В стилизационных ретроспекциях художниками нередко искалась внутренняя связь своего творчества с достойными предшественниками. Так появляются, в частности, новеллы, построенные на скрытых цитатах и реминисценциях из прозы и поэзии Пушкина — одного из кумиров литературы начала века. Стиль повествования «Капитанской дочки» угадывается в «Чертах из жизни моей» Садовского, тонкую стилизацию романа «Дубровский» являет собой «Набег на Барсуковку» Кузмина. Отдельные сюжетные и повествовательные мотивы «Капитанской дочки», а также «Медного всадника» воспроизводит новелла Ауслендера «Туфелька Нелидовой». Сцена приезда Гринева в крепость воскрешена в «Катеньке» А. Толстого. Своеобразный парафраз на тему пушкинского «Анчара» заключен в новелле Сологуба «Отравленный сад», «Сказки о мертвой царевне…» — в его же новелле «Очарование печали». Более того, авторитет Пушкина-прозаика, в высшей степени владевшего тайной лаконичного фабульного повествования, поддерживает в это время и даже в какой-то мере оправдывает возросший интерес писателей к жанру новеллы.
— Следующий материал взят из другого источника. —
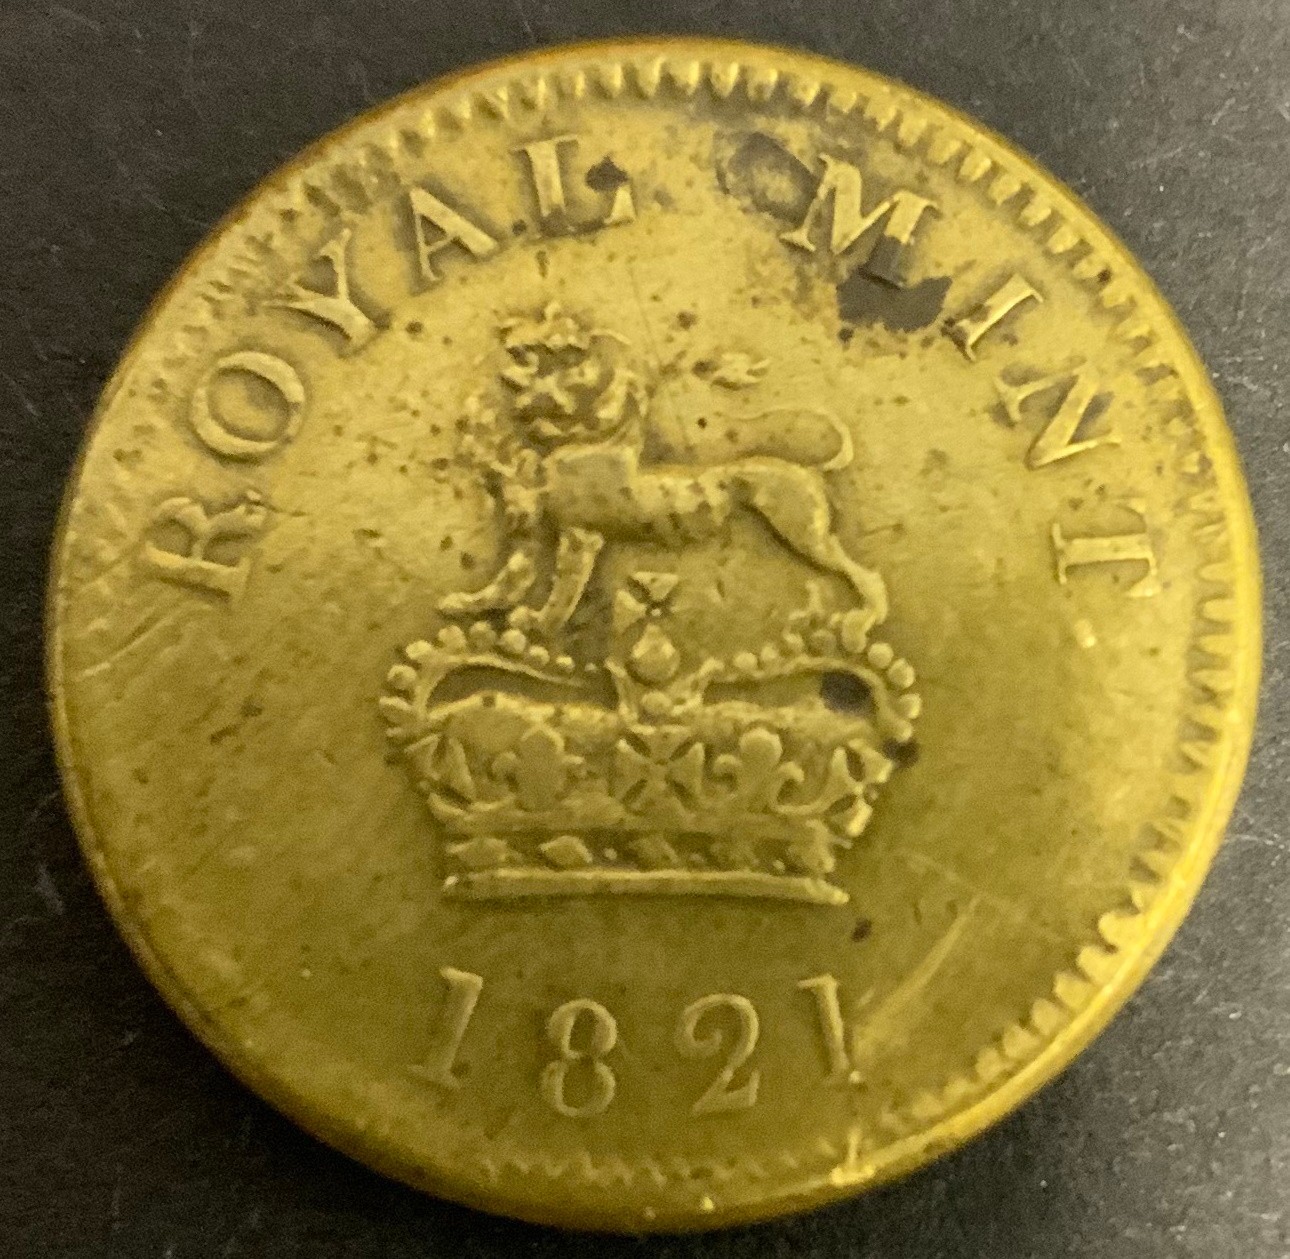 1821 ROYAL MINT BRASS GUINEA COIN WEIGHT

При этом стилизация никогда не являлась полным уходом в прошлое. Изысканные маркизы в припудренных париках, наивные барышни, ожидающие своих женихов, хотя и были анахроничны, на самом деле немало проясняли и в жизни современной. Обращение к теме французской революции давало возможность писателям разобраться в грянувших и грядущих событиях собственно русской истории (соположение русской революции 1905 г., а позже и двух революций 1917 г. с Великой французской буржуазной революцией было характерно для русской общественной мысли). Так, взятие Бастилии в новелле Ауслендера вряд ли мыслится автором лишь как случайная историческая декорация любовного приключения героя. За ним — и недаром в подзаголовке новелла обозначена как «фрагмент» — грядущие потрясения, которые с неизбежностью вторгнутся в судьбу и частную жизнь человека.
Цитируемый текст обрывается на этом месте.